Defendant's history and characteristics affirm the propriety of his original sentence. The Michigan State Police executed a search warrant at Defendant's address and found $6,150.00 in cash, 78.46 grams of crack, a stolen .22-caliber revolver loaded with 8 bullets, and a digital scale. PSR ¶ 10. And that was not his first offense. His criminal-history points identified him as a career offender under U.S.S.G. § 4B1.1, for which he was sentenced accordingly. Id. at ¶ 25. Simply put, Defendant is a career drug trafficker. "Society as a whole is the victim when illegal drugs are being distributed in its communities." United States v. Green, 532 F.3d 538, 549 (6th Cir. 2008).
And Defendant has demonstrated no rehabilitation efforts. He has not mentioned the name of a class he attended, a book he read, or anything he did to benefit the life of any other person. The best that can be discerned is that Defendant's behavior is "expected of all inmates and is in no way exceptional." Mahan v. Douglas, No. 1:22-CV-10490, 643 F.Supp.3d 783, 785 (E.D. Mich. Dec. 1, 2022). But he does not even break par. Since 2017, he has amassed 10 disciplinary actions, 5 of which included using or possession drugs, alcohol, or both. ECF No. 49-4 at PageID.175-78. Thus, "it would seem that 'his earlier terms of imprisonment did not abate his proclivity for crime.' " United States v. Ocampo, No. 1:06-CR-20172-1, 650 F.Supp.3d 578, 585 (E.D. Mich. Jan. 12, 2023), (quoting United States v. Burlingame, 586 F. Supp. 3d 705, 713 (E.D. Mich. 2021)), recons. denied No. 1:06-CR-20172-1, 655 F.Supp.3d 622 (E.D. Mich. Feb. 7, 2023).

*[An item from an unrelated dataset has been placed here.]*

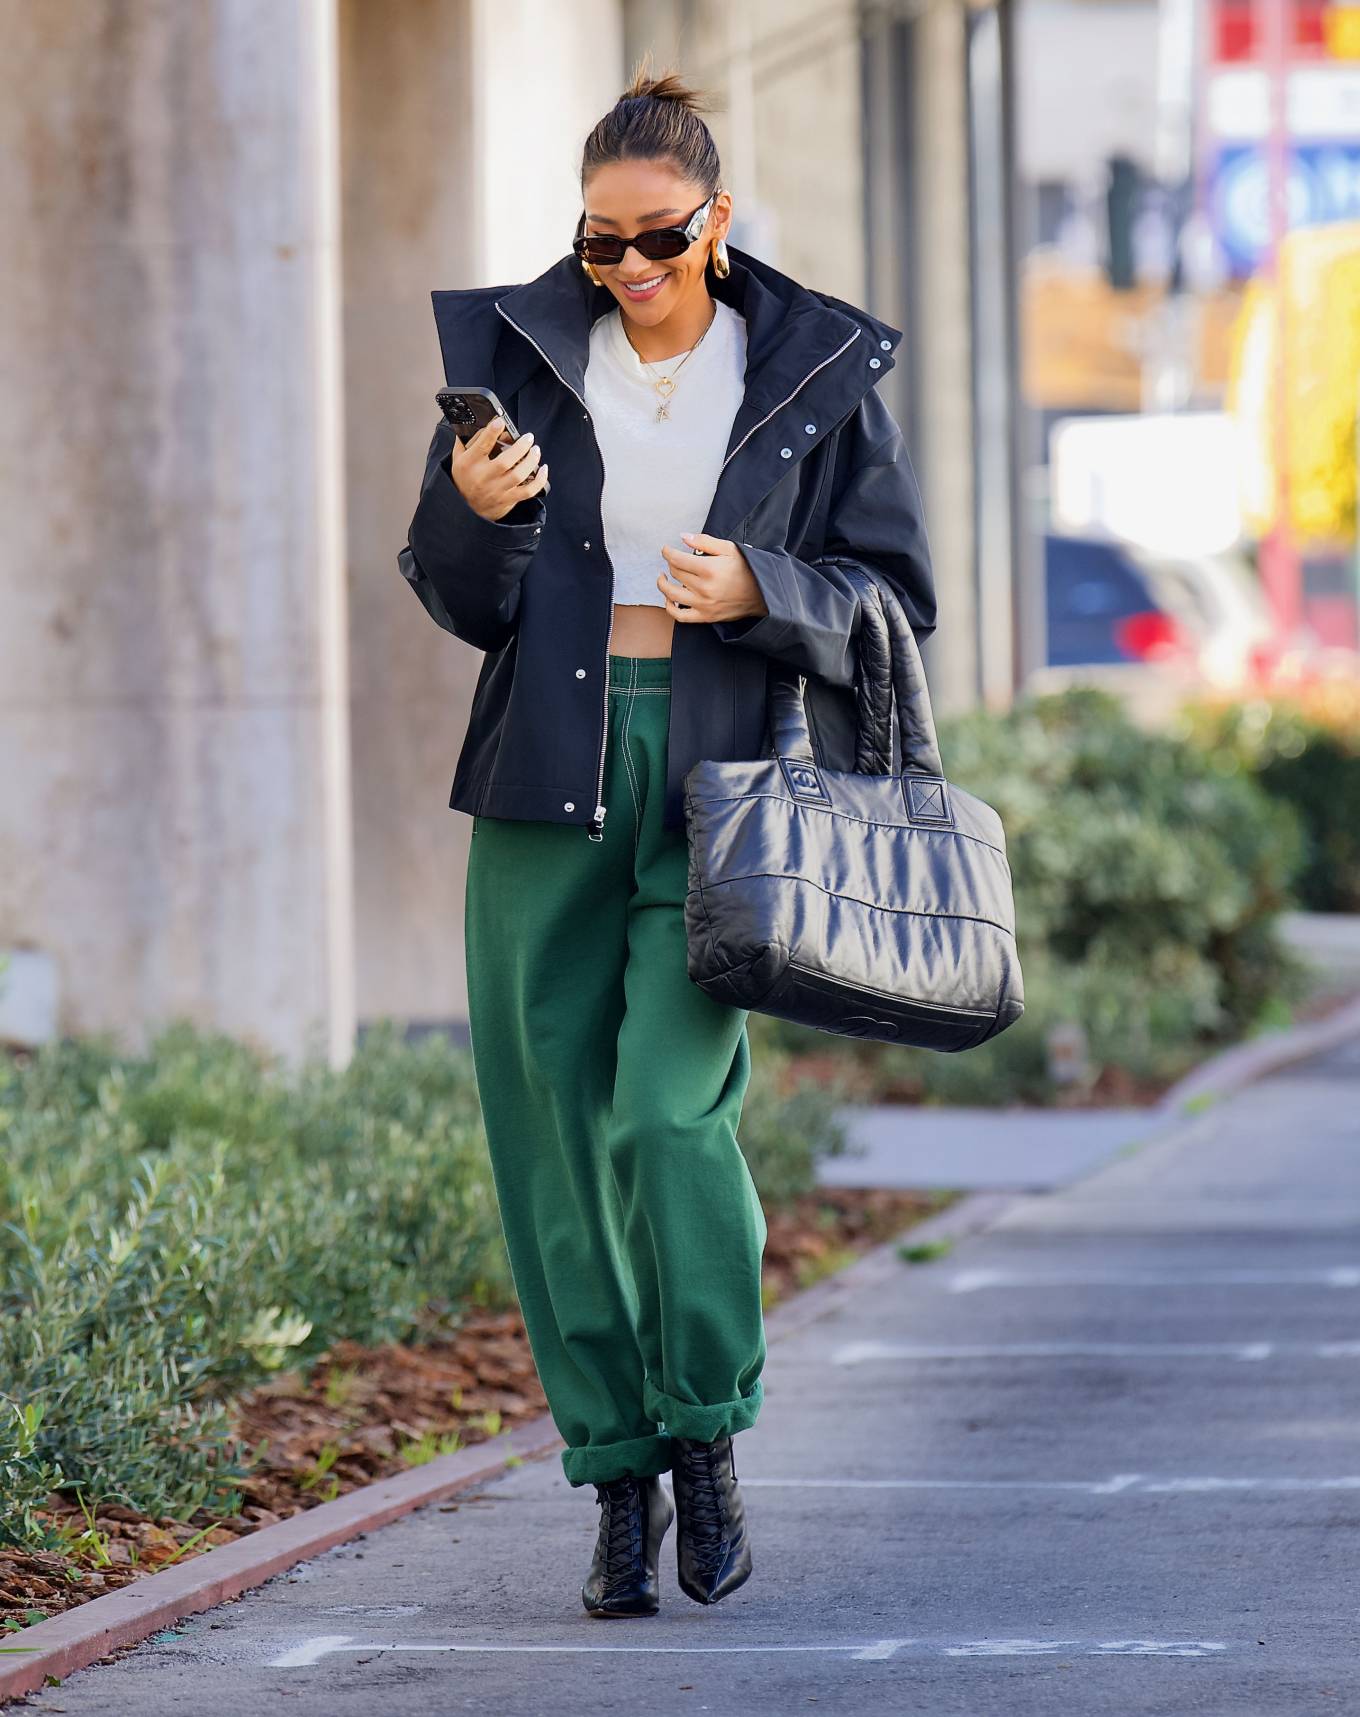 Shay Mitchell 2022 : Shay Mitchell – Wearing Sarah Jessica Parker style rolled up sweatpants with heeled boots in LA-03
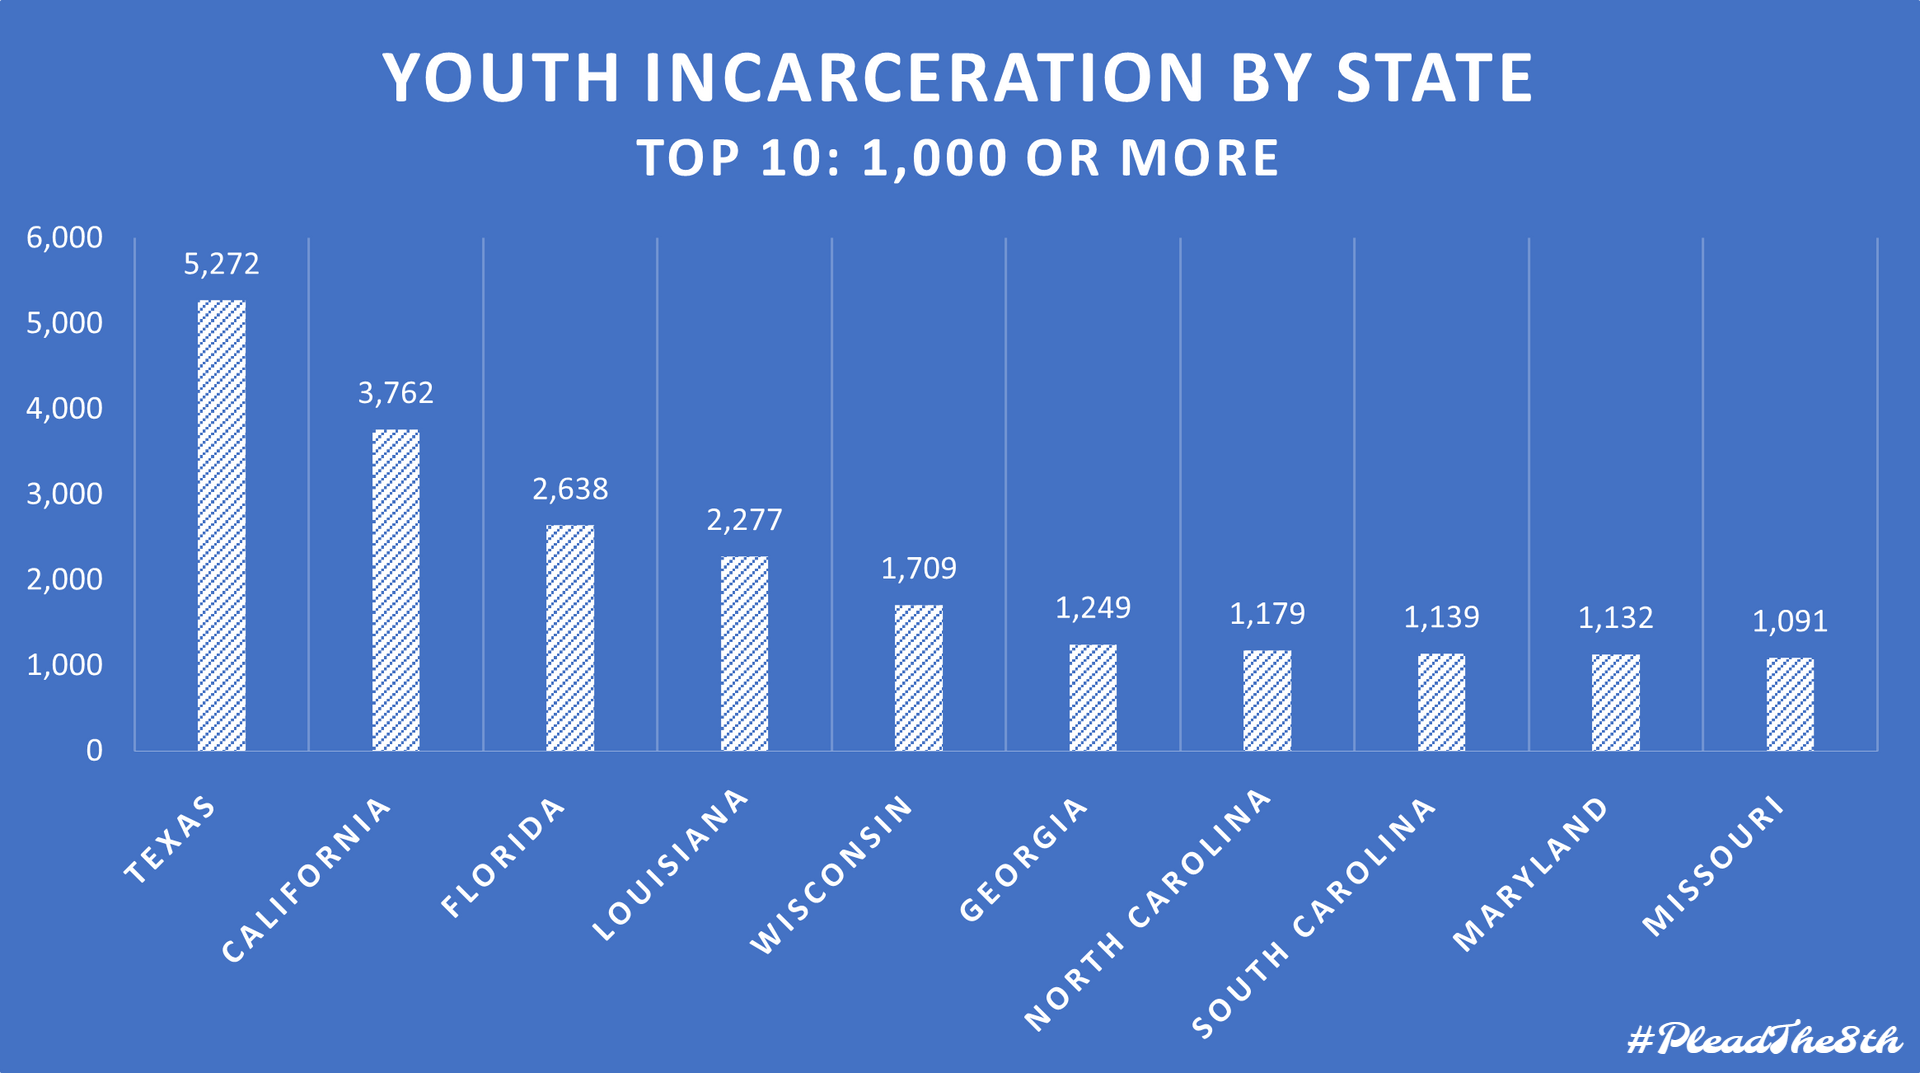 Youth incarceration by state

In sum, a sentence reduction is not warranted. Defendant's prior custody did not deter him from taking penitentiary chances, he still presents a danger to the community, he is not remorseful, he has not tried to rehabilitate himself, and his already reduced 180-months sentence is necessary to provide just punishment, to afford adequate deterrence, and to protect the public. 18 U.S.C. § 3553(a). A lower sentence would not accomplish the goals of the Sentencing Reform Act, so Defendant should continue to serve his sentence. See Alyssa C. Hennig, Note, An Examination of Federal Sentencing Guidelines' Treatment of MDMA ("Ecstasy"), 1 BELMONT L. REV. 267, 272 (2014) ("Section 3553(a)(2) requires that a defendant's sentence be 'sufficient, but not greater than necessary.' " (quoting 18 U.S.C. § 3553(a))). Consequently, his Motion will be denied.
IV.
Accordingly, it is ORDERED that Defendant's Motion for Compassionate Release, ECF No. 47, is DENIED WITH PREJUDICE.